Thanks for the monotonic binning code in Python – looks v interesting

Am keen to replicate results on your Accepts.csv data – any chance you could supply?

It would be a great help to understanding the code and properly applying to my data

thanks

Mark

Hi, WenSui,

I am trying to follow your interest post “Fitting Generalized Regression Neural Network with Python.” How can I obtain the csdata.txt file? I have googled around without success.

Many thanks in advance,

I’m your biggest fan. Thank you for the monotonic function on SMBinning, i’ve been using R, and my limits are still at inputting categorical variables rather than my preferred continuous variables (as explanatory variables). I’m struggling with transforming the binned variables into WoE numeric variables. Please help!

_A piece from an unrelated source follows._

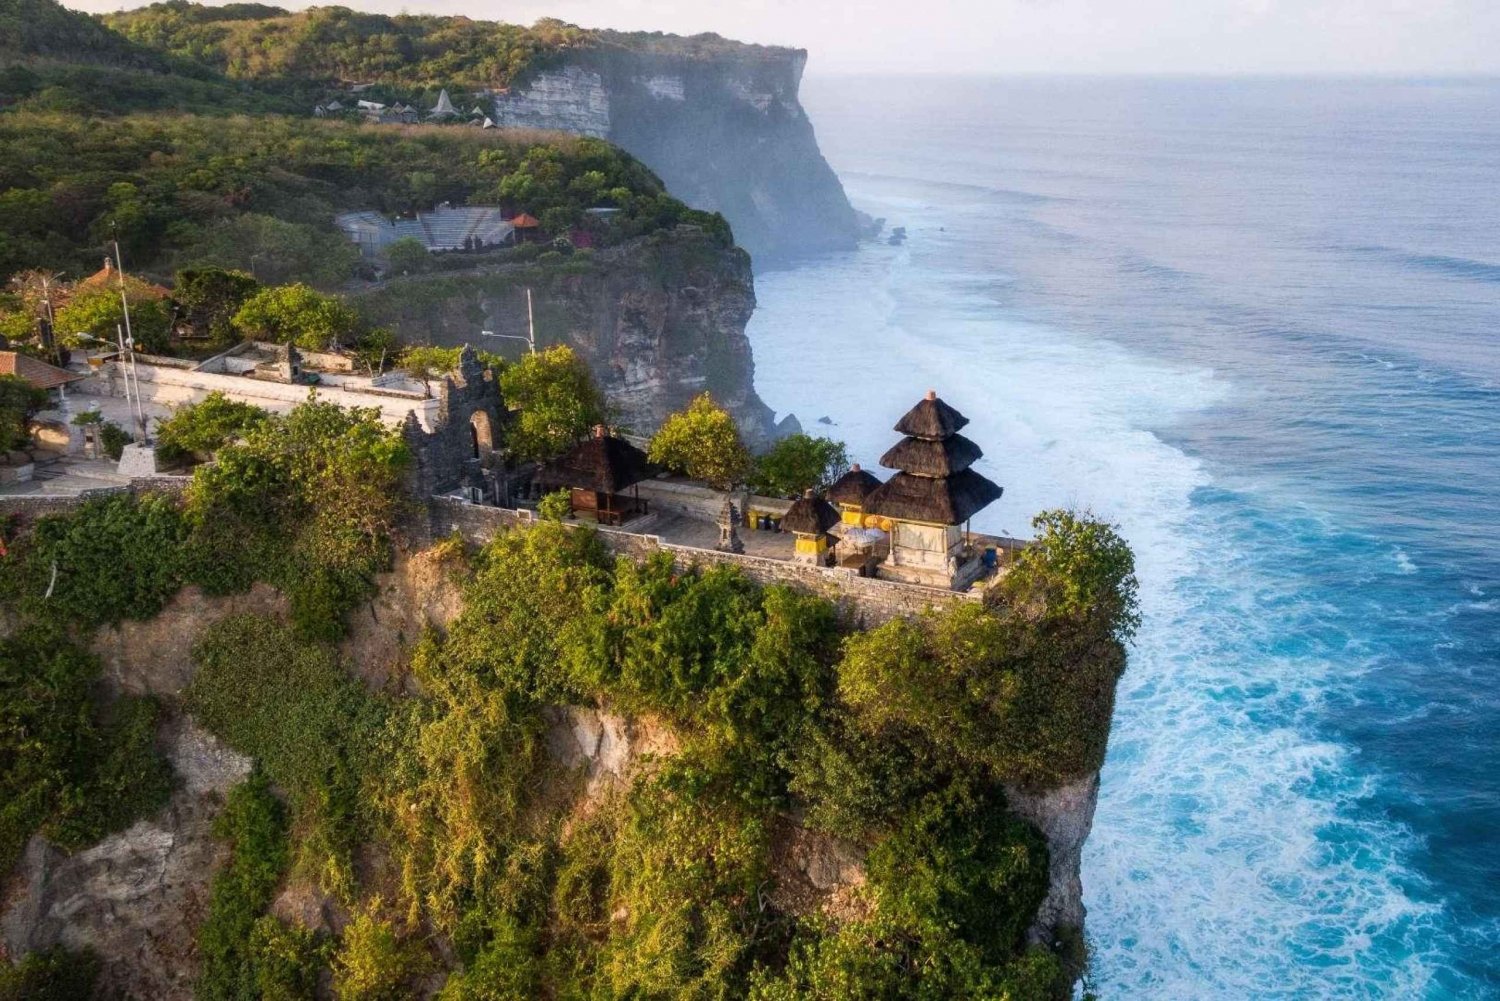 Bali: Lo más destacado Excursión de un día al Templo de Uluwatu y las Playas del Sur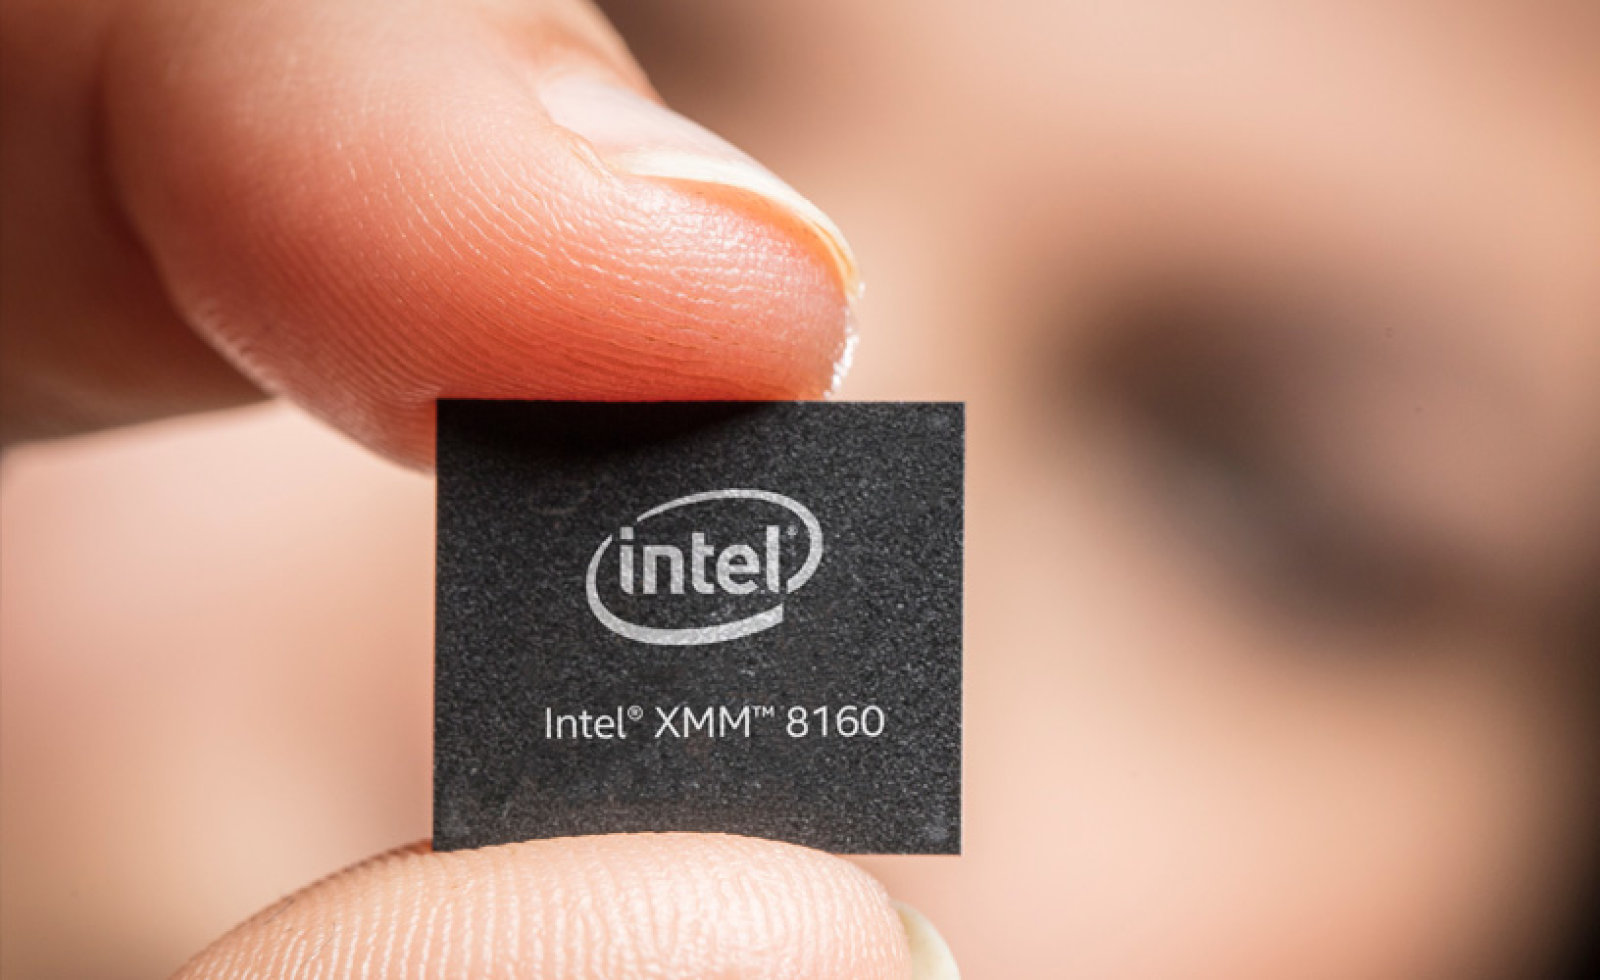 Apple hiện đang sở hữu mảng kinh doanh modem di động của Intel

Is every one supposed to know how to get the file credit_count.txt.

I stumbled upon this website in search of keras example (which I found).

Is this the file, http://pages.stern.nyu.edu/~wgreene/Text/econometricanalysis.htm

Hello Mr. Liu,

You have a great blog! I have a quick question: Are expected loss models (mentioned in the link below) used to assess credit risk in consumer lending (for individuals, mostly unsecured) portfolio, usually for a term of 12-36 months?

https://statcompute.wordpress.com/2012/03/06/modeling-practices-of-loss-forecasting-for-consumer-banking-portfolio/

It should really depend on the charge-off practice with your organization. To my mind, 12-month might be too long for the unsecured consumer product.

Thank you, for the response.

The approval rates for this sector – unsecured consumer loans, mostly low income – is pretty low and historically, the default rates have also been very low. Usually, the term has been from 12-36 months. I am exploring ways to assess and manage risk of such portfolios. Do you have any suggestions?

Thanks!

Hi WenSui

Similar request for the monotonic binning code in Python. I am eager to replicate results on your Accepts.csv data – any chance you could please supply it?

It would be a great help to understanding the code and properly applying to my data

thanks

Hell Mr.Liu

Where can I download credit_count.txt dataset?

http://pages.stern.nyu.edu/~wgreene/Text/econometricanalysis.htm

I read with interest your paper on the estimation of count models in SAS. I have a question on the way the figures comparing predicted and observed count were produced. Did you compute for each observation the predicted count that you surround to compare with the distribution of the observed count, or did you rather compute for each observation the probabilities of a count of k (for k=0 to 8 in your example) than you compare with the observed distribution (as for example in Scott and Feese (Regression Models for Categorical Dep. Variables Using Stata).

If this last option is preferred, would it possible to provide some guidance to perform it in SAS?

Many thanks

Thanks for reading my blog.

To answer your question, I calculated the probability of each count outcome for each case and then aggregated.

Curious about how to build “Expected Losses Models”. Still a green hand on modeling loss

Which libraries have been used for the contribution titled “GRNN vs. GAM”?

For GAM, I used the GAM library by Professor Hastie. For GRNN, I used the YAGeR package developed by myself (https://github.com/statcompute/yager).

What is your email? Let me take a look before getting back to you. Thanks for testing my code.